When they had gone down to the street and were in the car, Constance leaned back, closing her eyes; she feared her mother might wish to talk with her. The afternoon papers were already out with news of the loss of the ferry; Mrs. Sherrill stopped the car and bought one, but Constance looked at it only enough to make sure that the reporters had been able to discover nothing more than she already knew; the newspaper reference to Henry was only as to the partner of the great Chicago ship owner, Benjamin Corvet, who might be lost with the ship.

She called Miss Bennet as soon as she reached home; but nothing more had been received. Toward three o'clock, Miss Bennet called her, but only to report that the office had heard again from Mr. Sherrill. He had wired that he was going on from Manistique and would cross the Straits from St. Ignace; messages from him were to be addressed to Petoskey. He had given no suggestion that he had news; and there was no other report except that vessels were still continuing the search for survivors, because the Indian Drum, which had been beating, was beating "short," causing the superstitious to be certain that, though some of the men from Number 25 were lost, some yet survived.

Constance thrilled as she heard that. She did not believe in the Drum; at least she had never thought she had really believed in it; she had only stirred to the idea of its being true. But if the Drum was beating, she was glad it was beating short. It was serving, at least, to keep the lake men more alert. She wondered what part the report of the Drum might have played in her father's movements. None, probably; for he, of course, did not believe in the Drum. His move was plainly dictated by the fact that, with the western gale, drift from the ferry would be toward the eastern shore.

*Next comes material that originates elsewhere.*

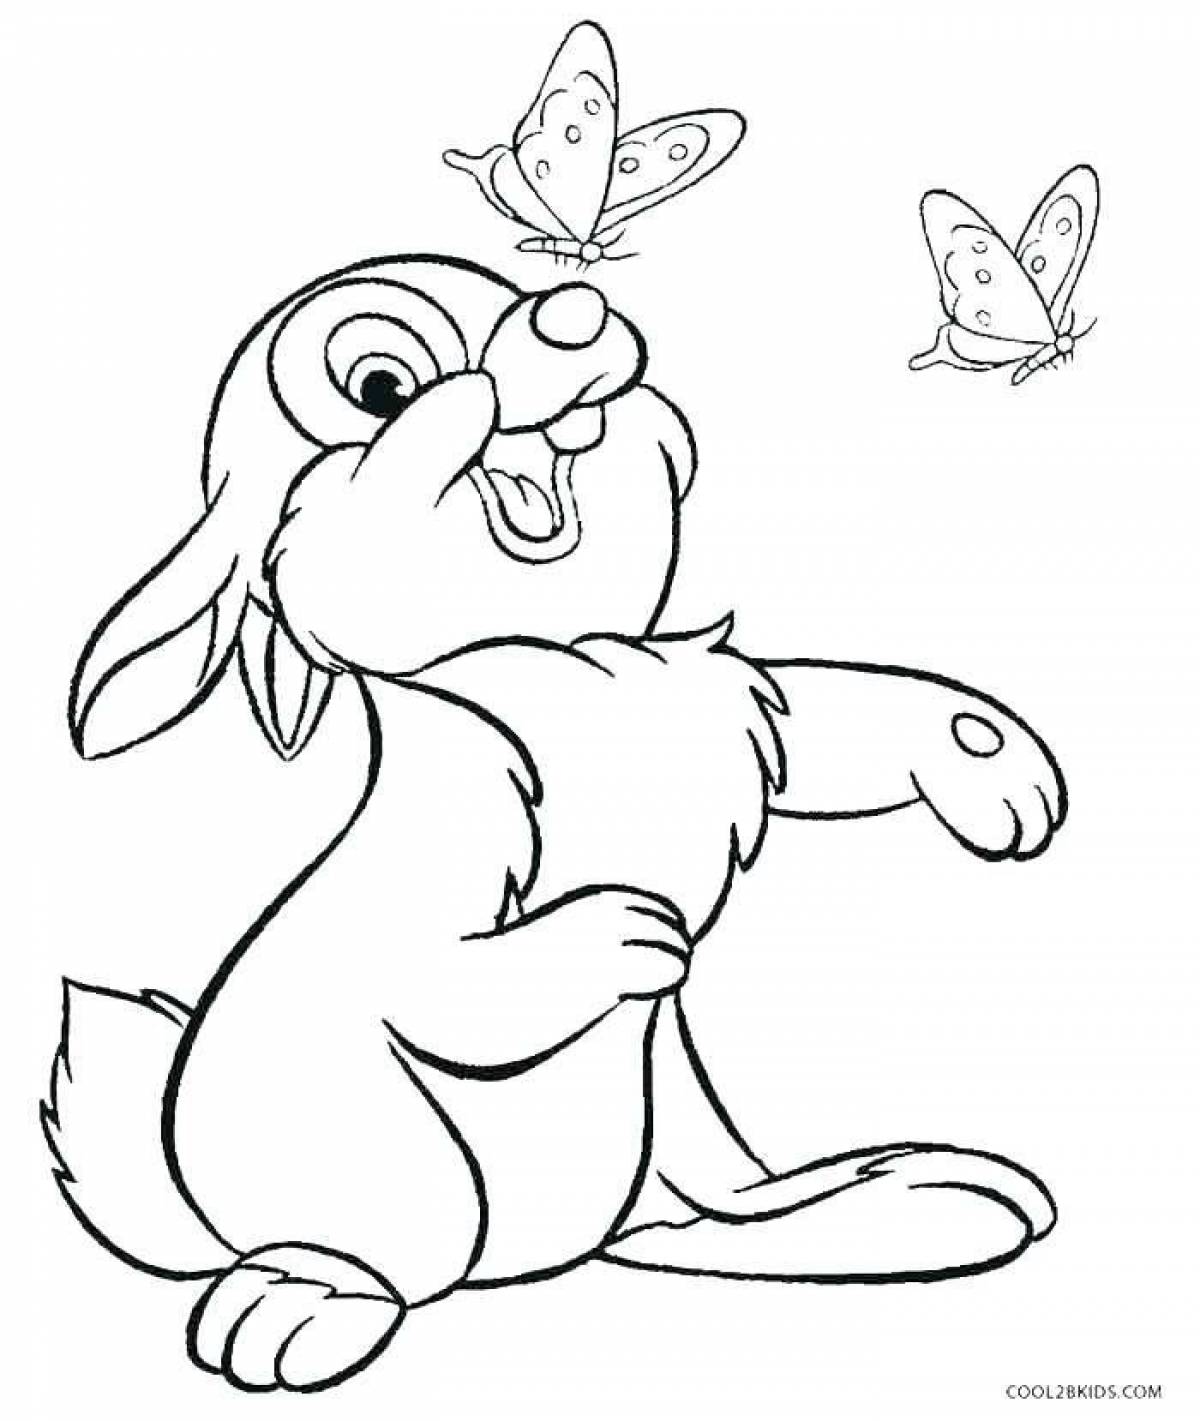 Bright coloring hare for children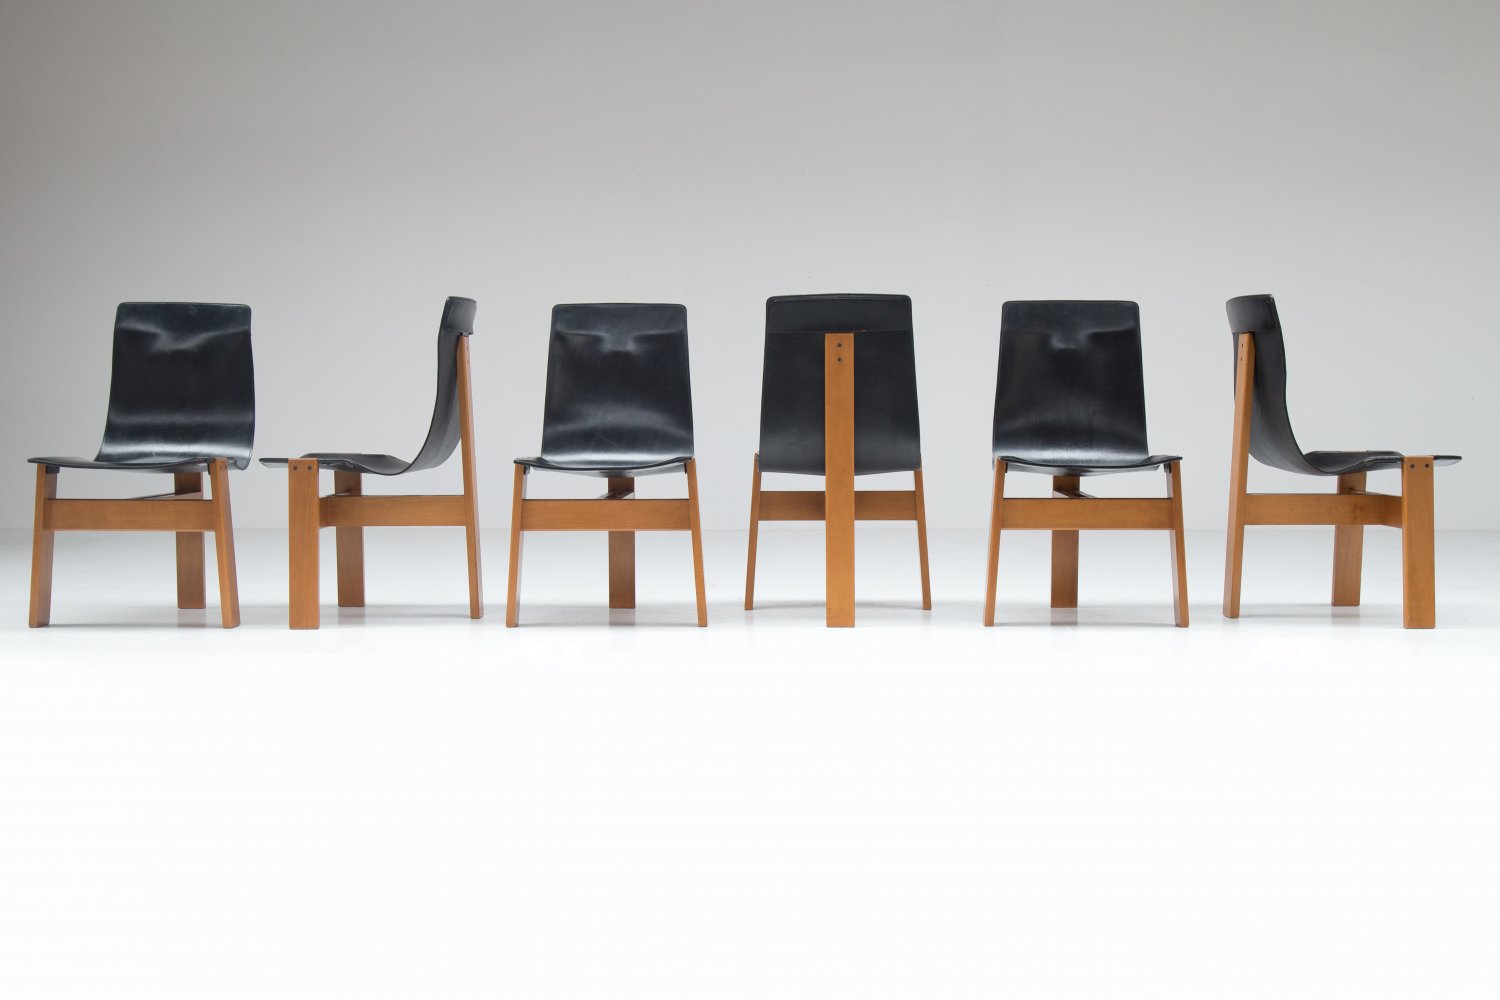 Set of 6 chairs by Angelo Mangiarotti for Skipper.

A little later, as Constance stood at the window, gazing out at the snow upon the lake, she drew back suddenly out of sight from the street, as she saw Henry's roadster appear out of the storm and stop before the house.

She had been apprehensively certain that he would come to her some time during the day; he had been too fully aware of the effect he made upon her not to attempt to remove that effect as soon as he could. As he got out of the car, shaking the snowflakes from his great fur coat and from his cap, looking up at the house before he came in and not knowing that he was observed, she saw something very like triumph in his manner. Her pulses stopped, then raced, at that; triumph for him! That meant, if he brought news, it was good news for him; it must be then, bad news for her.

She waited in the room where she was. She heard him in the hall, taking off his coat and speaking to the servant, and he appeared then at the door. The strain he was under had not lessened, she could see; or rather, if she could trust her feeling at sight of him, it had lessened only slightly, and at the same time his power to resist it had been lessening too. His hands and even his body shook; but his head was thrust forward, and he stared at her aggressively, and, plainly, he had determined in advance to act toward her as though their relationship had not been disturbed.

"I thought you'd want to know, Connie," he said, "so I came straight out. The Richardson's picked up one of the boats from the ferry."

"Uncle Benny and Alan Conrad were not in it," she returned; the triumph she had seen in him had told her that.

"No; it was the first boat put off by the ferry, with the passengers and cabin maid and some injured men of the crew."

"Were they—alive?" her voice hushed tensely.